§ Description of the task
The required result is an exact copy of the lines beginning at the line that contains "Platinum 9.2 Grams" and ending at the last line of the material below.
#### Material shown
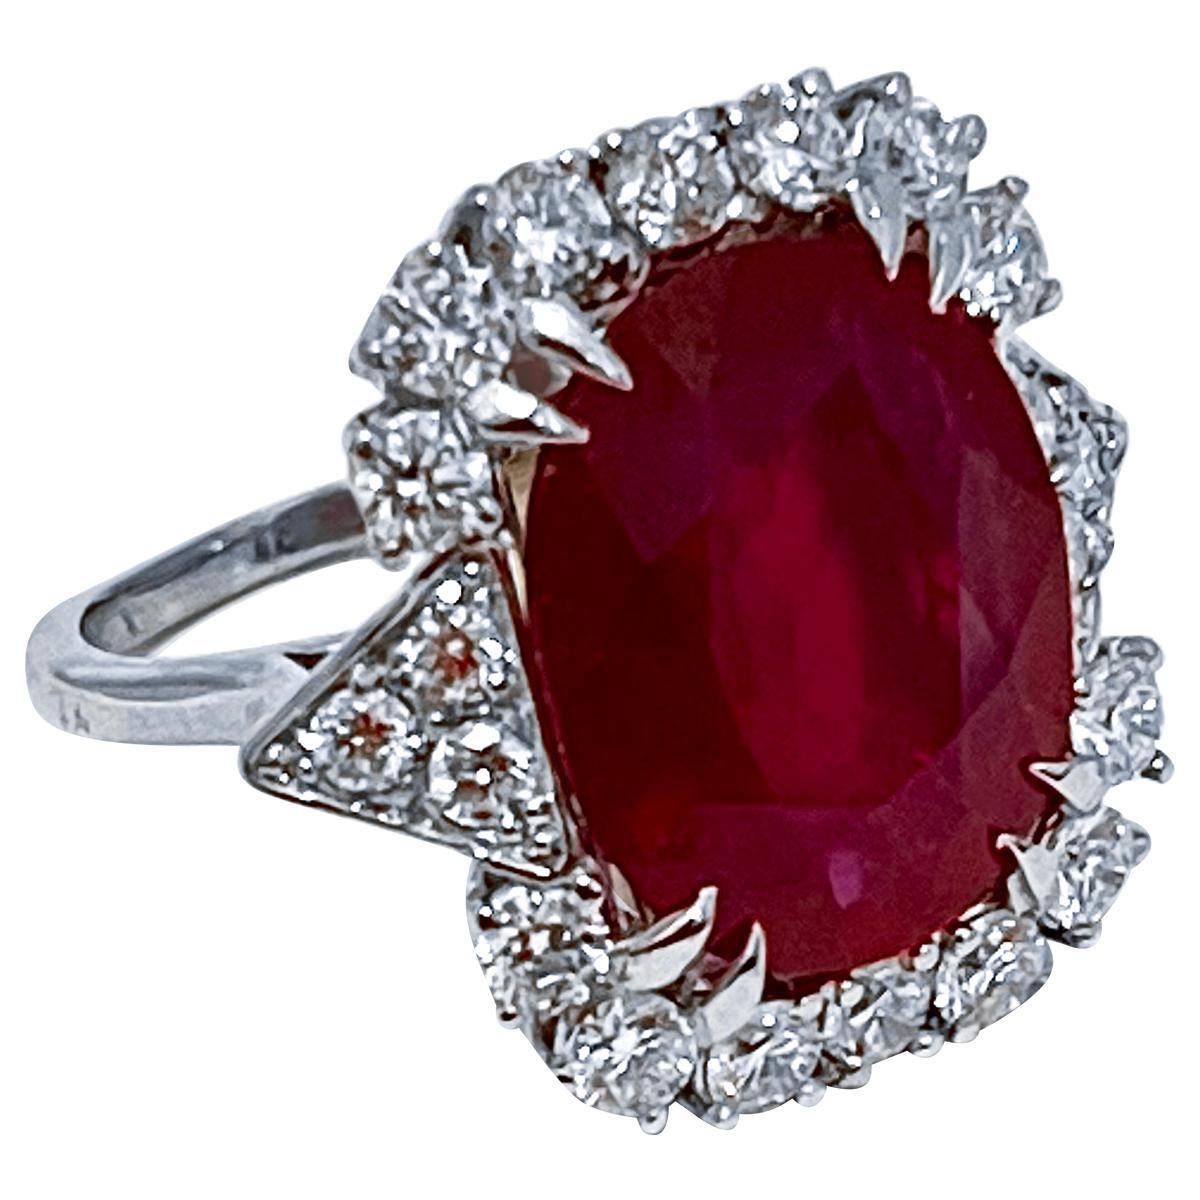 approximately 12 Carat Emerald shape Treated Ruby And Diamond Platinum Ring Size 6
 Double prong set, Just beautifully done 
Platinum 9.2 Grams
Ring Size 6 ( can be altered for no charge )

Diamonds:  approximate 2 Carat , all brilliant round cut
########
§ Solution to this task
Platinum 9.2 Grams
Ring Size 6 ( can be altered for no charge )

Diamonds:  approximate 2 Carat , all brilliant round cut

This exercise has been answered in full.